Now your first assignment is to dowload the assemblies from the data repository, adapting the commands above. Below you will find a code block with the template command that you can finish to download the the assemblies. Use multiple code blocks if convenient. You can make new code blocks by clicking on the left side of a code block and then type "a" or "b" to create a code block above or below the original code block. You can delete a code block by clicking on the left side of a code block and typing "d" twice.

Edit this line to have a look into the assembly file

In [None]:
!zcat metagenomics/assembly/....assemblyfile | head

Grep the headers of the assembly file, what word/key would work for fastas when viewing the assembly entries above

In [None]:
!zcat metagenomics/assembly/....assemblyfile | grep "" | head

Count the scaffolds in the assembly like we did earlier with the fastq.gz file. 

Remember not to over-load the webinterface!

In [None]:
!zcat metagenomics/assembly/....assemblyfile | grep "" ......
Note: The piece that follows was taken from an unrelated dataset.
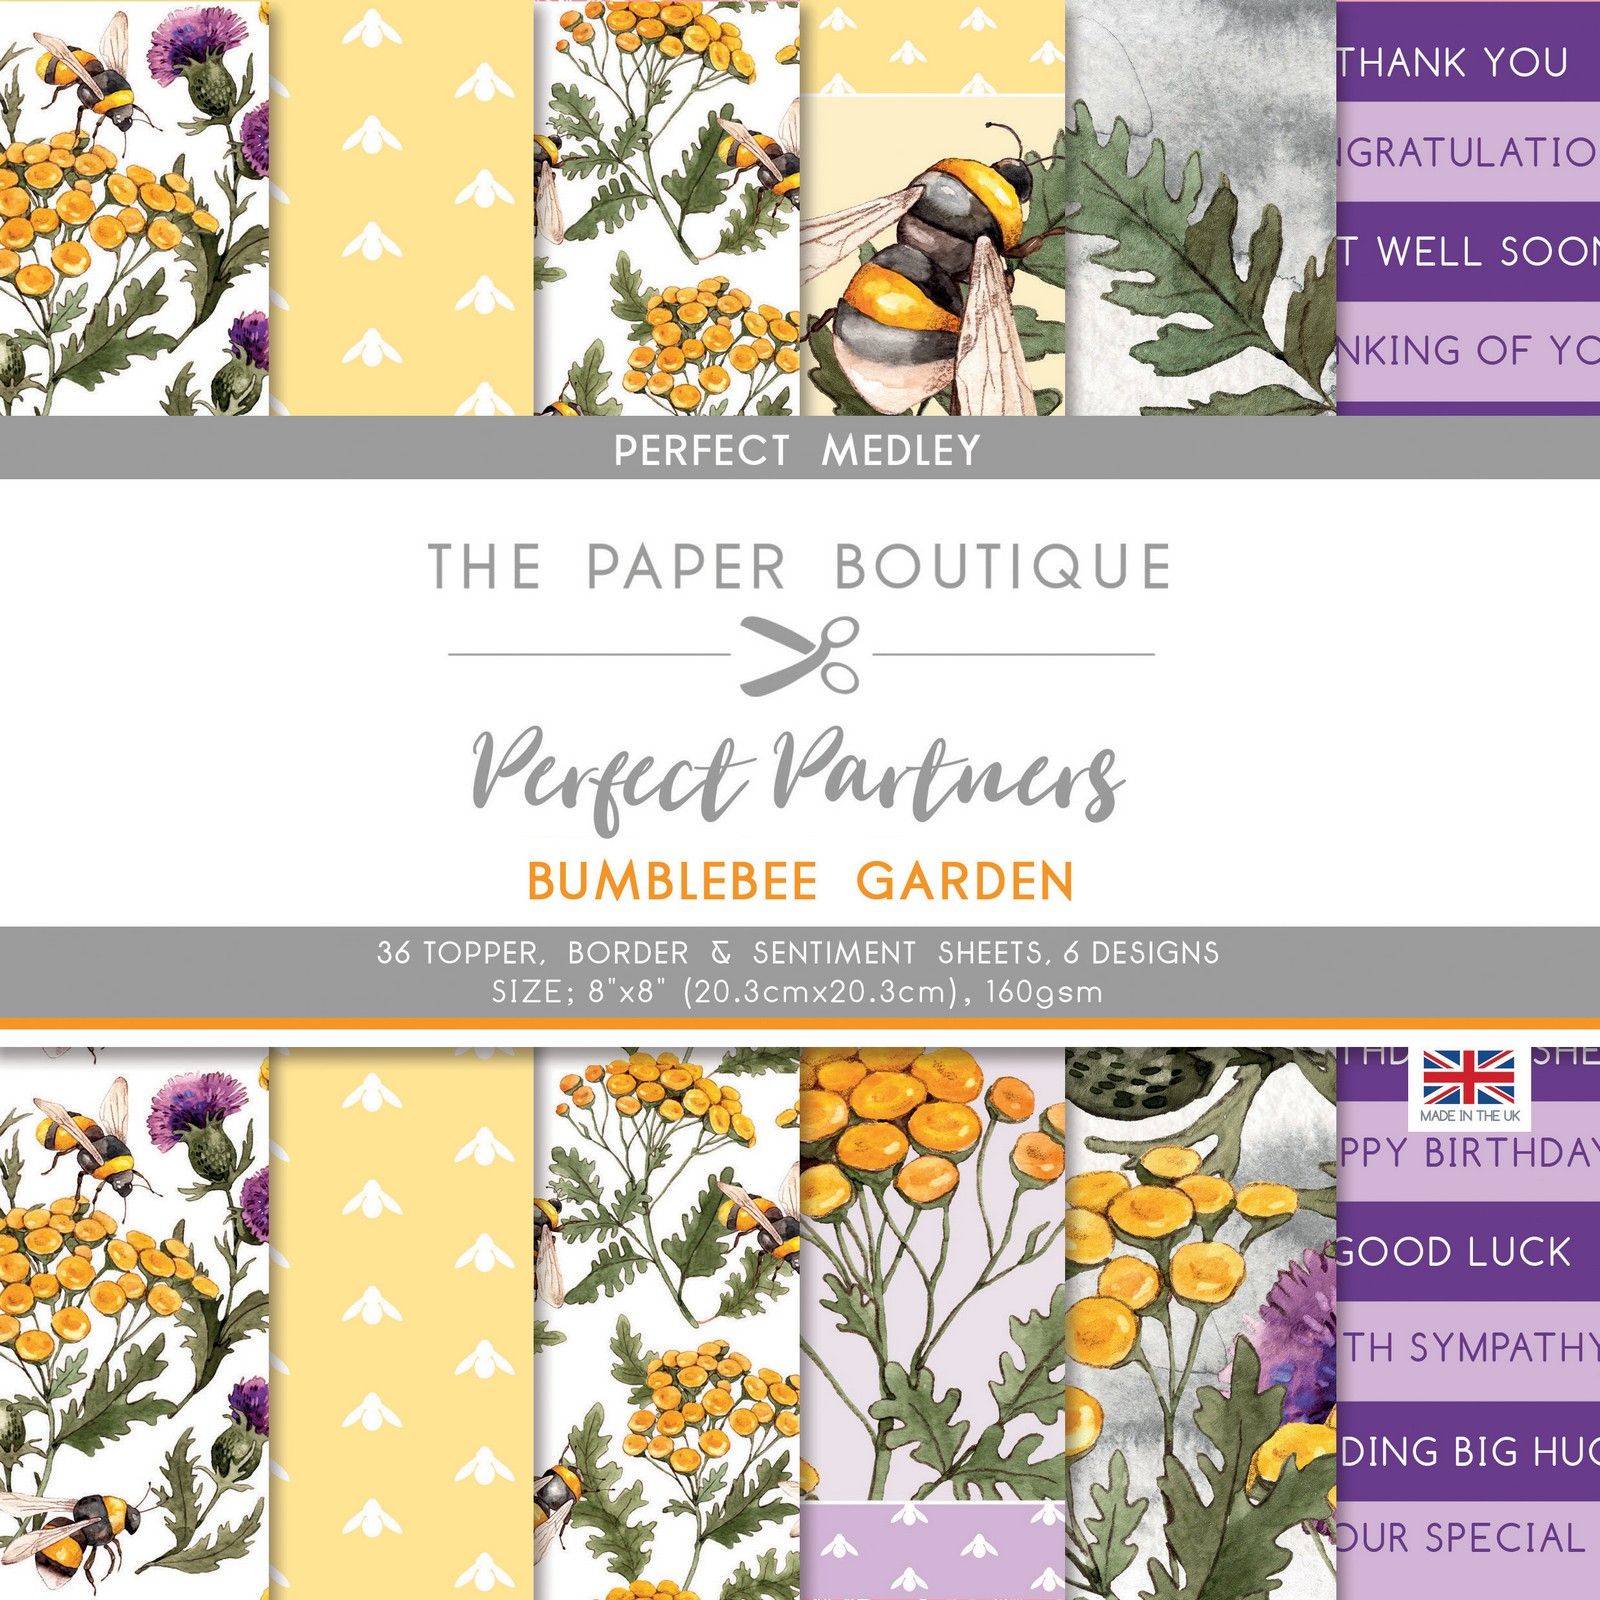 The Paper Boutique • Perfect partners Bumblebee garden perfect medley

Rename the assembly file:   (mv is short for move)

In [None]:
!mv metagenomics/assembly/....oldname  metagenomics/assembly/....newname

Check if the rename worked:

In [None]:
!ls metagenomics/assembly/

Did your assembly downloaded correctly?<br>
Does the content of the fasta make sense?<br>

<h2>Length distributions of the scaffolds</h2>
Now that we have the assembly, we will do some quick analyses to get a idea of the quality. First we will plot the length distribution of the scaffolds in the assembly. Luckily for us, the length of each sequence in the fasta is already embeded in each fasta header. We can easily extract these numbers and plot them in python.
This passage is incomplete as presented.